In the previous chapter, Why Numbers Don't Connect: The Semantic Interoperability Problem, we drew a hard line between two ideas. Syntactic interoperability means two systems agree on format β€” the message parses, the fields line up, the bytes arrive intact. Semantic interoperability means they agree on meaning β€” both ends understand that a field labeled pH in one machine and a field labeled pH_value in another name the very same measured quantity. We saw that even flawless byte-transfer leaves a swamp of heterogeneity: the same real-world thing gets described differently everywhere β€” different units, different identifiers, different timestamp formats, different vocabularies. This chapter is about the durable cure for that swamp. Not another adapter that translates one private dialect into another, but a shared model of meaning that every system can point to.

The simple version

Think of a library before catalogs. Every librarian shelves books by their own private logic, so finding anything means asking the one person who shelved it. An ontology is the agreed-upon catalog system β€” it says exactly what a "book," an "author," and a "subject" are, and how they relate β€” so anyone, or any machine, can find and combine things without a human translator. FAIR is the promise that the catalog actually works: that data is easy to find, get, combine, and reuse. Ontologies build the catalog; FAIR is the service guarantee.

What this chapter covers​

We build an ontology from scratch β€” classes, relations, and the languages that express them (RDF, OWL, SHACL). We then climb to the upper ontologies that let separate fields reuse one another's work (BFO and the Industrial Ontologies Foundry), descend into the biopharma domain ontologies and the council that governs them, unpack the FAIR principles one by one, and finish by showing how the two together turn siloed files into a single queryable graph.

What an ontology actually is​

Strip away the intimidating word and an ontology is a formal, shared, machine-readable model of what exists in a domain and how it relates [3]. It has a small number of moving parts.

A class is a category of thing β€” Bioreactor, CellCultureProcess, pH Measurement. An instance (or individual) is one concrete member of a class β€” bioreactor BR-101 is an instance of Bioreactor. A relation (or property) connects things β€” BR-101 is part of Upstream Suite 2; a pH Measurement is about a particular batch. Finally, axioms are logical statements that constrain the model so a computer can reason over it β€” for example, "every CellCultureProcess has participant some LivingCell." Classes name the kinds, relations wire them together, and axioms make the wiring provable rather than merely suggestive [3].

This is the leap past the previous chapter. A spreadsheet column header named pH is a label a human happens to recognize. An ontology class named pH Measurement, with axioms saying it measures hydrogen-ion activity on a defined scale, is something a machine can recognize and act on without being hand-told.

Classes name kinds of things, instances are concrete members, and relations connect them into a small fact network a computer can follow. Figure by the authors.

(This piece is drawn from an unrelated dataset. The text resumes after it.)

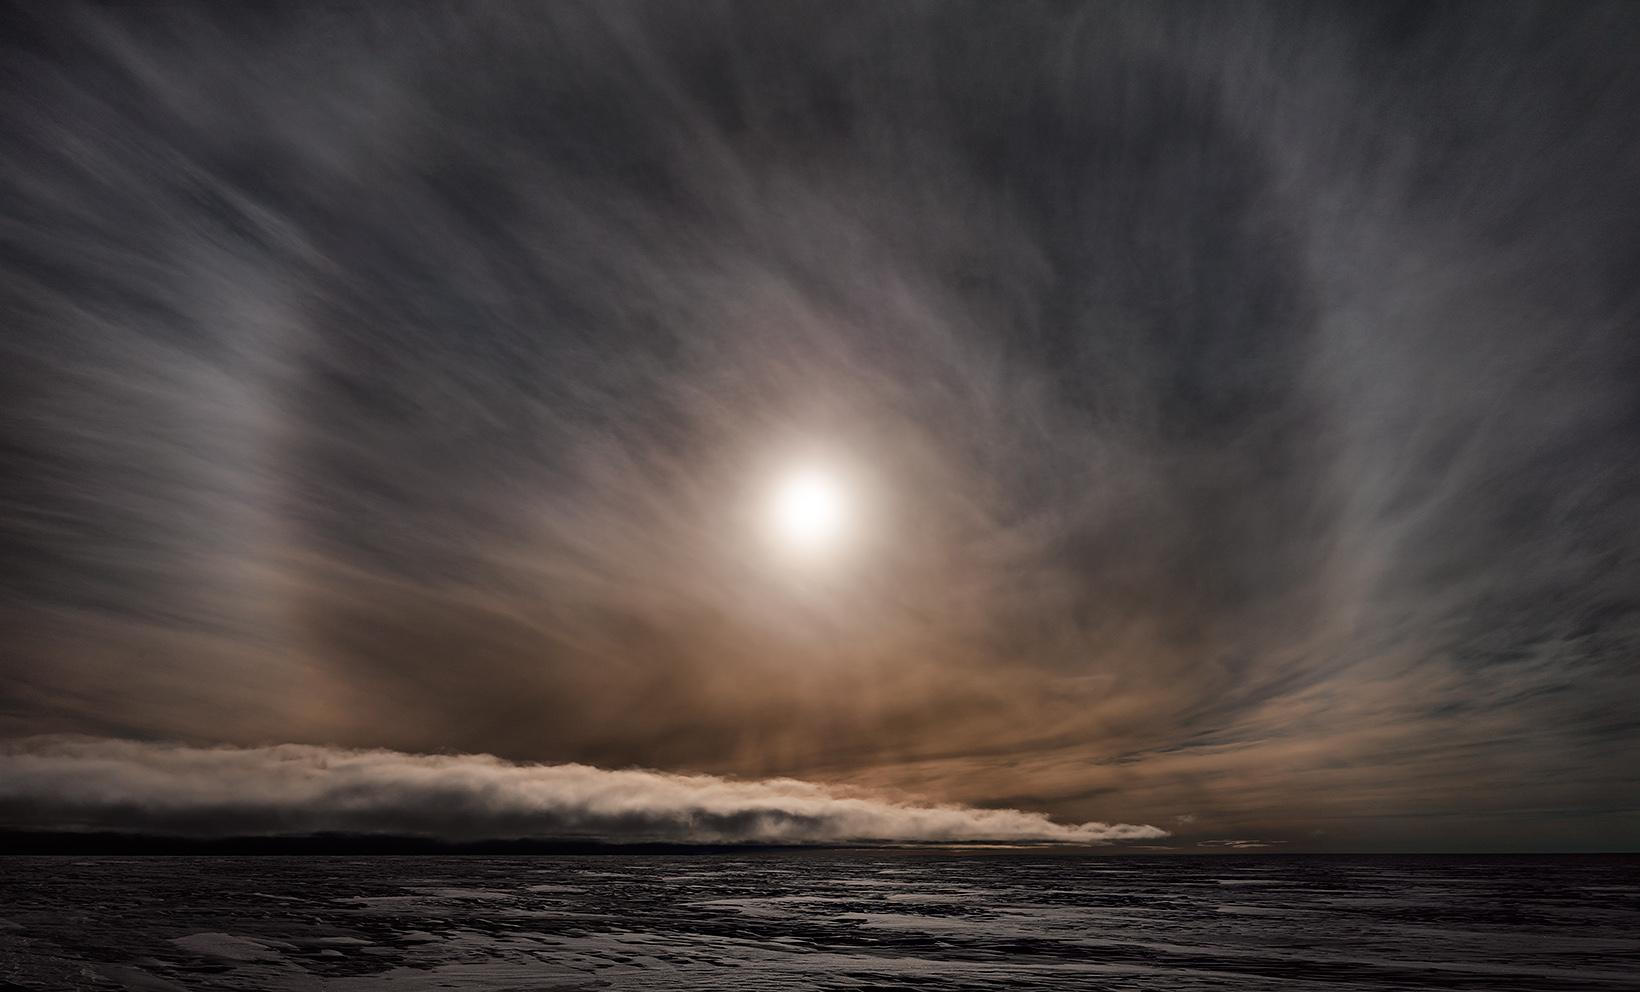 MURRAY FREDERICKS     Icesheet #2564, late sun with 22˚ halo  2013 digital pigment print, edition of 7 120 x 198 cm

The languages: RDF, OWL, and a word on SHACL​

How is such a model written down so any system can read it? The foundation is RDF 1.1 β€” the Resource Description Framework (W3C, 2014), which represents every fact as a triple: subject – predicate – object, as in BR-101 β€” isPartOf β€” Suite2 [7]. Each part is named with a globally unique web identifier (an IRI), so "BR-101" here cannot be confused with someone else's "BR-101" elsewhere. Written out in the N-Triples serialization, that single fact looks like this:

<http://example.org/BR-101> <http://example.org/isPartOf> <http://example.org/Suite2> .

Stack millions of such triples together and they form a knowledge graph β€” a web of interconnected facts rather than rows in isolated tables [7].

OWL 2 β€” the Web Ontology Language (W3C, 2012) β€” is the layer that adds the logic: it lets you state the classes, relations, and axioms above formally enough that automated reasoners can infer new facts (if BR-101 is in Suite 2 and Suite 2 is in Building 4, the reasoner concludes BR-101 is in Building 4) and detect contradictions [8].

A common confusion is worth heading off. OWL is open-world β€” it assumes that what is not stated is merely unknown, not false β€” which is wrong for data validation, where a missing required field really is an error. That job belongs to SHACL, the Shapes Constraint Language, a W3C standard that checks an RDF graph against shapes β€” rules such as "every batch record must have exactly one approval signature" β€” and reports violations [9]. In short: OWL says what things mean; SHACL says what a valid record must contain.

note

You do not hand-author triples any more than you write web pages in raw protocol. Ontologies are built and maintained by domain experts in specialized editors β€” ProtΓ©gΓ© (the free, open-source tool from Stanford that is the de facto standard for ontology authoring) being the most common, alongside the commercial TopBraid Composer and the open-source VocBench. The RDF/OWL/SHACL underneath is the interchange format, the way HTML is the format under a styled web page.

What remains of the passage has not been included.